Что вы знаете о воспоминаниях?
О тех, что не выцветают, как старые фотографии. Не стираются годами, не притупляются временем. Они живут где-то глубоко, в складках души, и дышат вместе с тобой. Их нельзя вытравить ни слезами, ни алкоголем, ни разговорами с психологом. Потому что они — это ты. Это то, из чего ты вырос.
Иногда они возвращаются внезапно — запахом осеннего воздуха, похожим на тот день. Или обрывком песни, которая играла в машине, когда он молчал. Или жестом прохожего, похожим на его — резким, как лезвие.
И ты вдруг снова шестилетняя девочка у окна, в мятой пижаме, с распухшими от слёз глазами, вслушиваешься в каждый звук за дверью, надеясь, что щёлкнет замок. Что всё окажется ошибкой. Что он всё-таки вернётся.
Но замок молчит.
И с ним — целая жизнь.
Я помню, как мама тогда гладила мне волосы, как будто это могло стереть дыру внутри. А потом шептала: «Ты у меня сильная, слышишь?»
И я верила. Потому что не оставалось ничего другого.
С тех пор я научилась не показывать, где болит. Прятать страхи под ровным тоном. Надевать маску — деловую, уверенную, правильную. Стала женщиной, которую уважают, но не жалеют. Стала той, кем гордятся, но не обнимают.
Но внутри… внутри всегда была пустота, которая ждала, что кто-то осмелится остаться.
Паша осмелился. Или сделал вид.
Он появился тихо. Без пафоса, без громких фраз — как будто просто занял своё место, то самое, которое всегда было пустым. Он не вторгался — он входил аккуратно, как человек, у которого в руках что-то хрупкое.
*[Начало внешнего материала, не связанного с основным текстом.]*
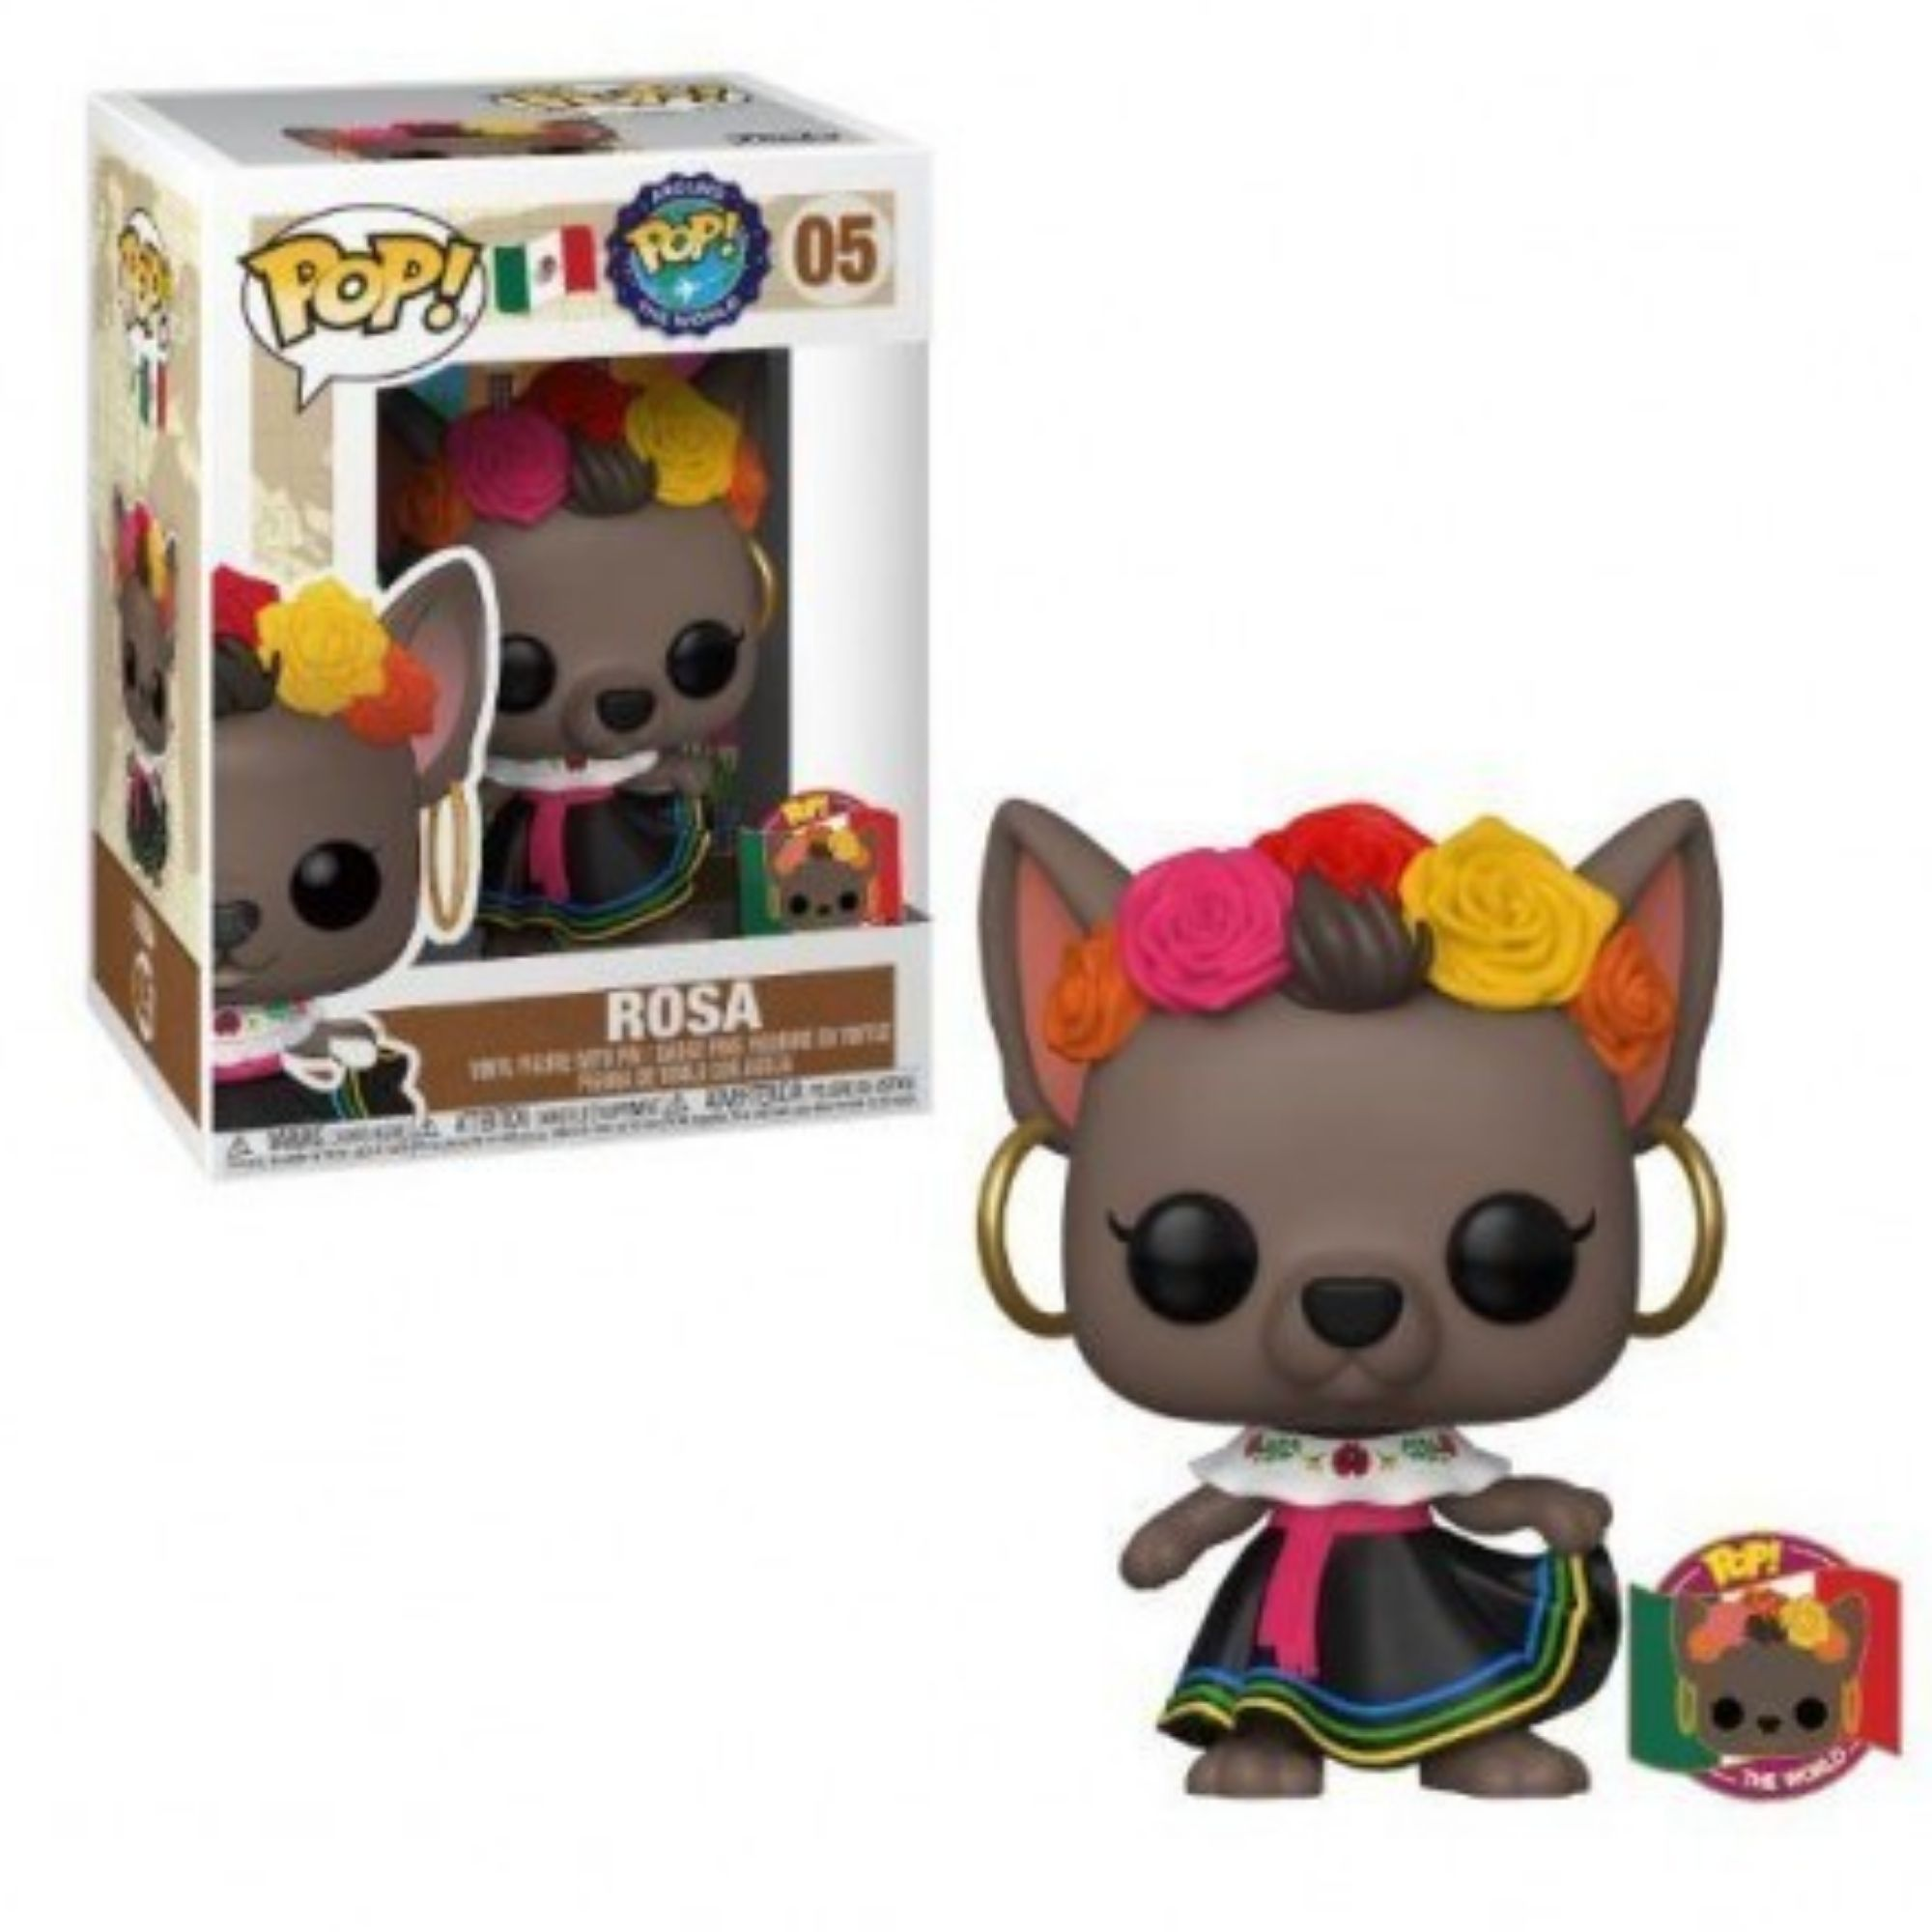 Funko Pop Rosa  #05 Around The World  - Game Land Brinquedos

У него был особый голос — низкий, немного хриплый, как у людей, которые много молчали, но каждое слово вынашивали. Он умел слушать. По-настоящему. Молчать рядом так, что ты не чувствовала тишины. Смотреть так, будто видел тебя сквозь все твои панцири.
Он не задавал лишних вопросов. Не просил «откройся», не требовал объяснений. Просто держал за руку. Просто говорил:
«Я с тобой. Я никуда не денусь. У тебя теперь есть я».
С ним я могла позволить себе быть тёплой. Смеяться, когда хочется. Плакать, если не можется. Могла звонить ночью, не извиняясь. Могла молчать — и он всё равно слышал.
Он стал домом. Не ярким, не сказочным — тёплым. Живым. Настоящим.
Таким, о каком я мечтала всю жизнь.
Или хотела быть просто кому-то нужной?
И именно поэтому то, что произошло сегодня, разорвало меня на части.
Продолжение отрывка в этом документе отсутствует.